Could you output each line below precisely as it stands, without the images?

*** DATA SECTION ***

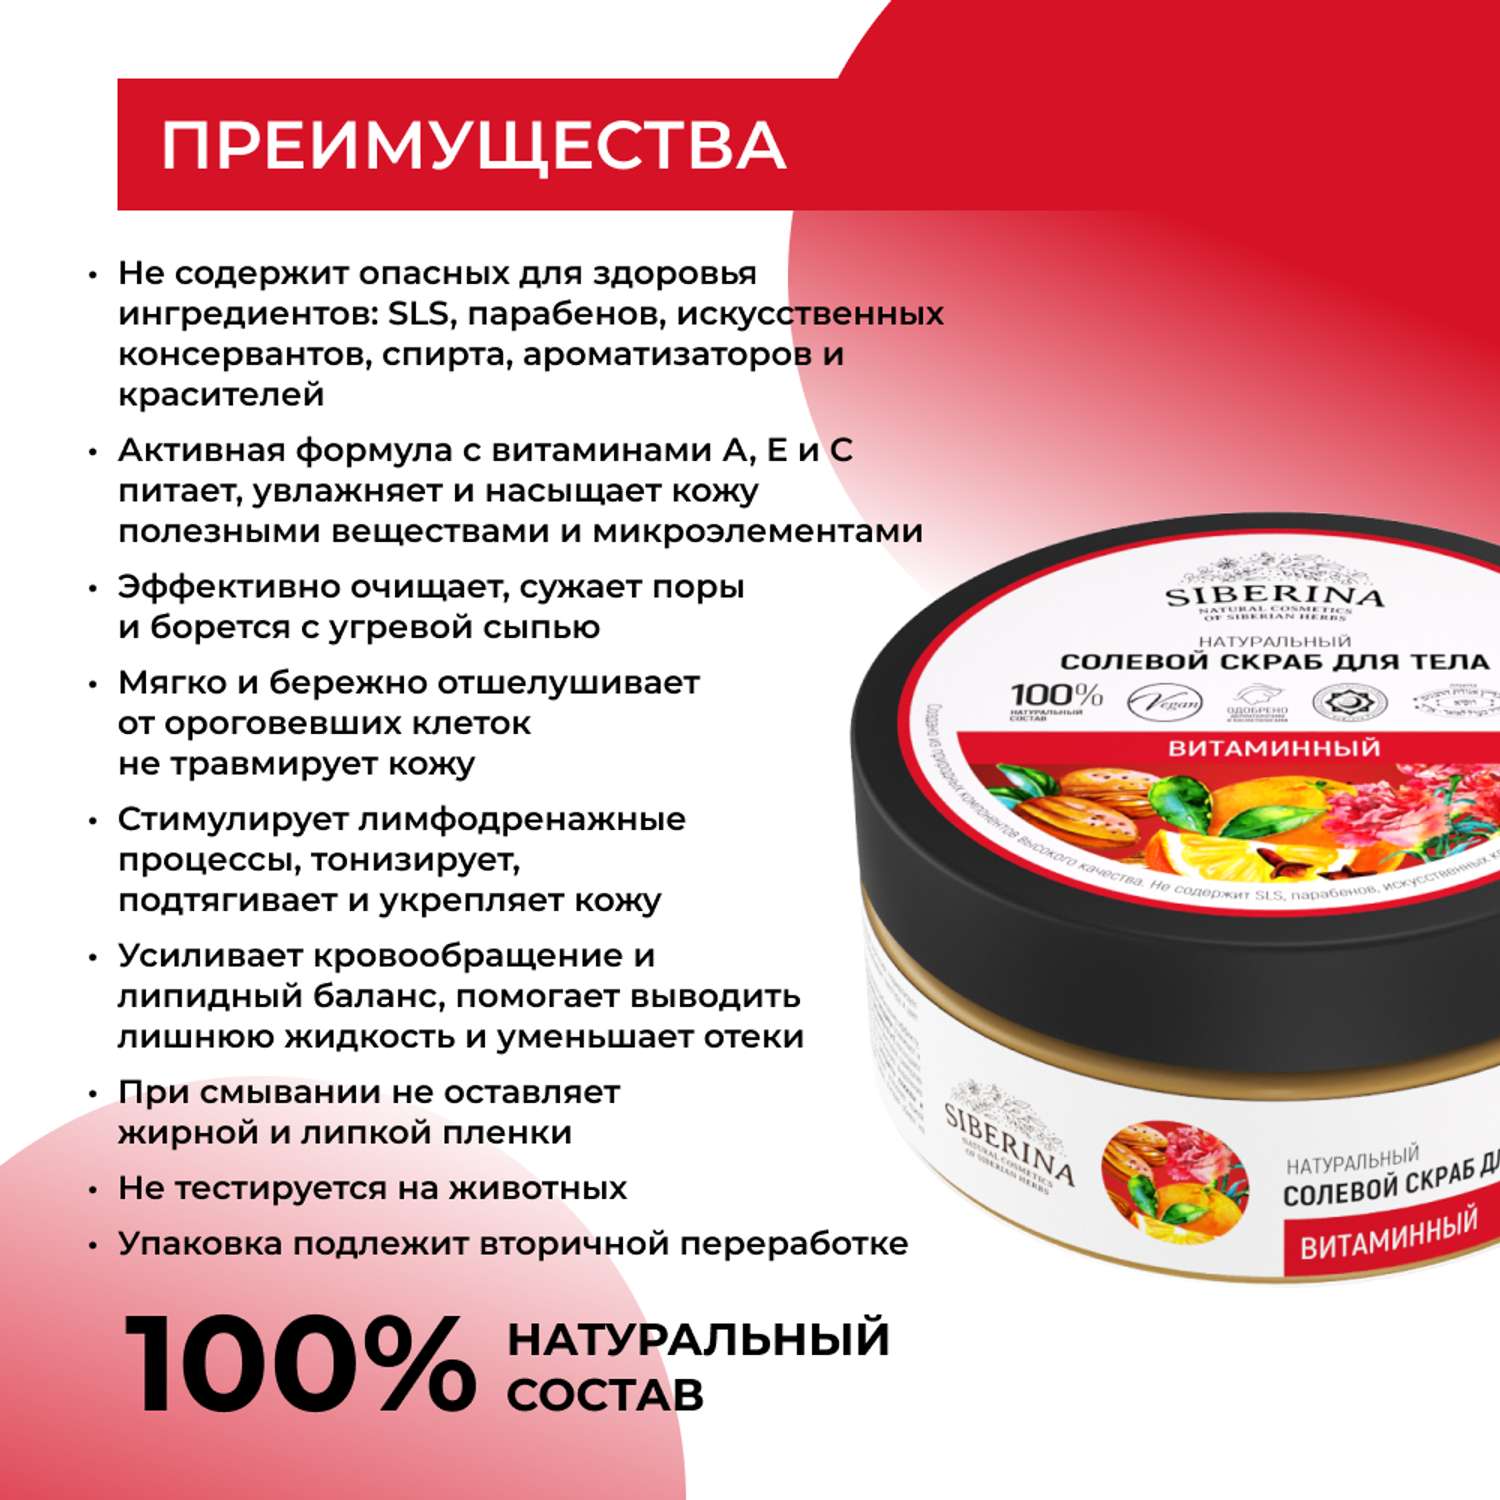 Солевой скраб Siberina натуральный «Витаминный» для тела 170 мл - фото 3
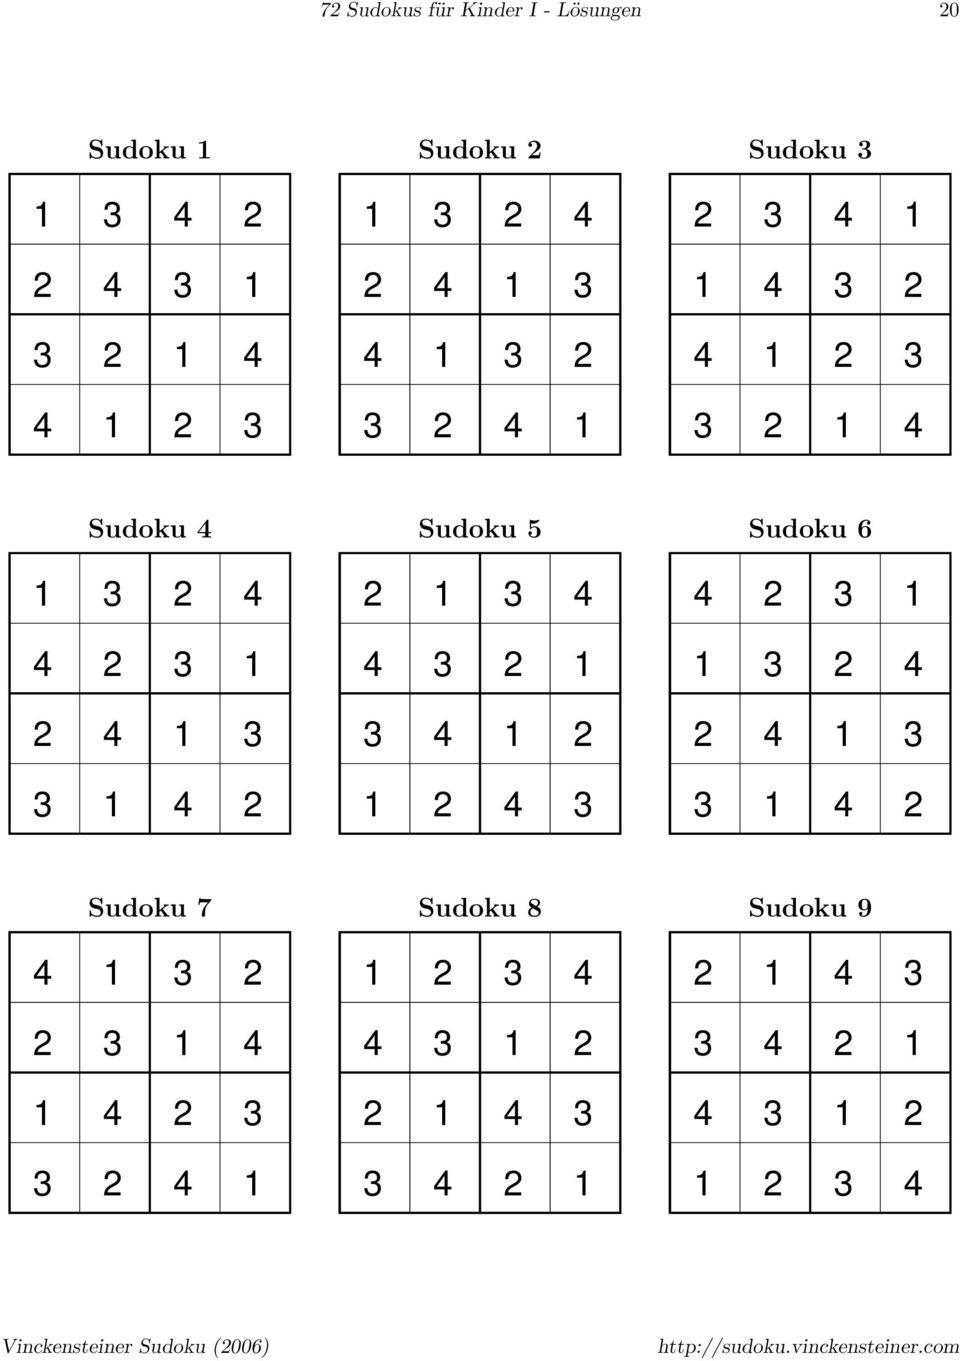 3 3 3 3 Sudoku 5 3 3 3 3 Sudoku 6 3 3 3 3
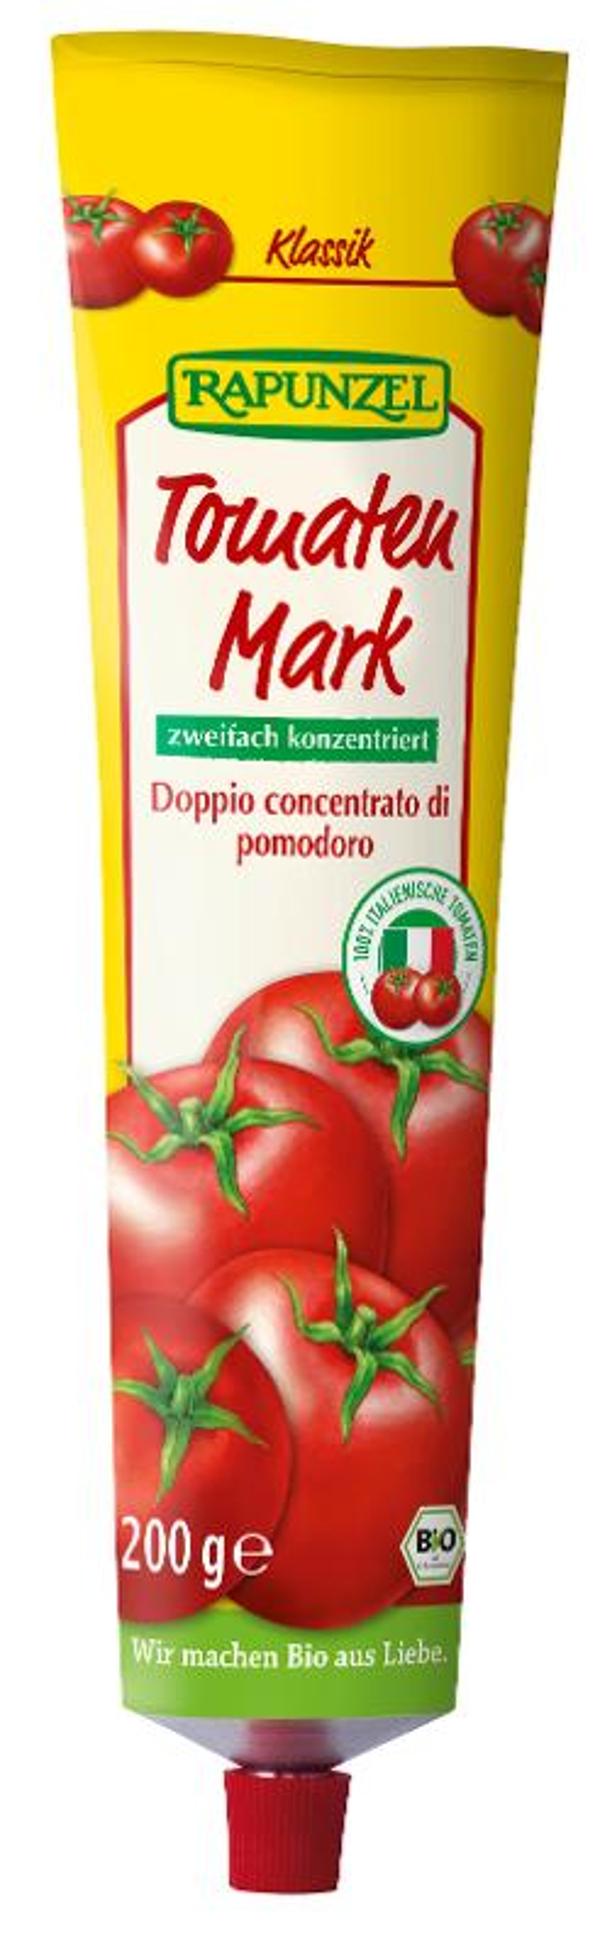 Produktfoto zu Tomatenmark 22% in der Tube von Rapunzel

*** End of DATA SECTION ***

EXERCISE OUTPUT:
 Солевой скраб Siberina натуральный «Витаминный» для тела 170 мл - фото 3
 3 3 3 3 Sudoku 5 3 3 3 3 Sudoku 6 3 3 3 3
 Produktfoto zu Tomatenmark 22% in der Tube von Rapunzel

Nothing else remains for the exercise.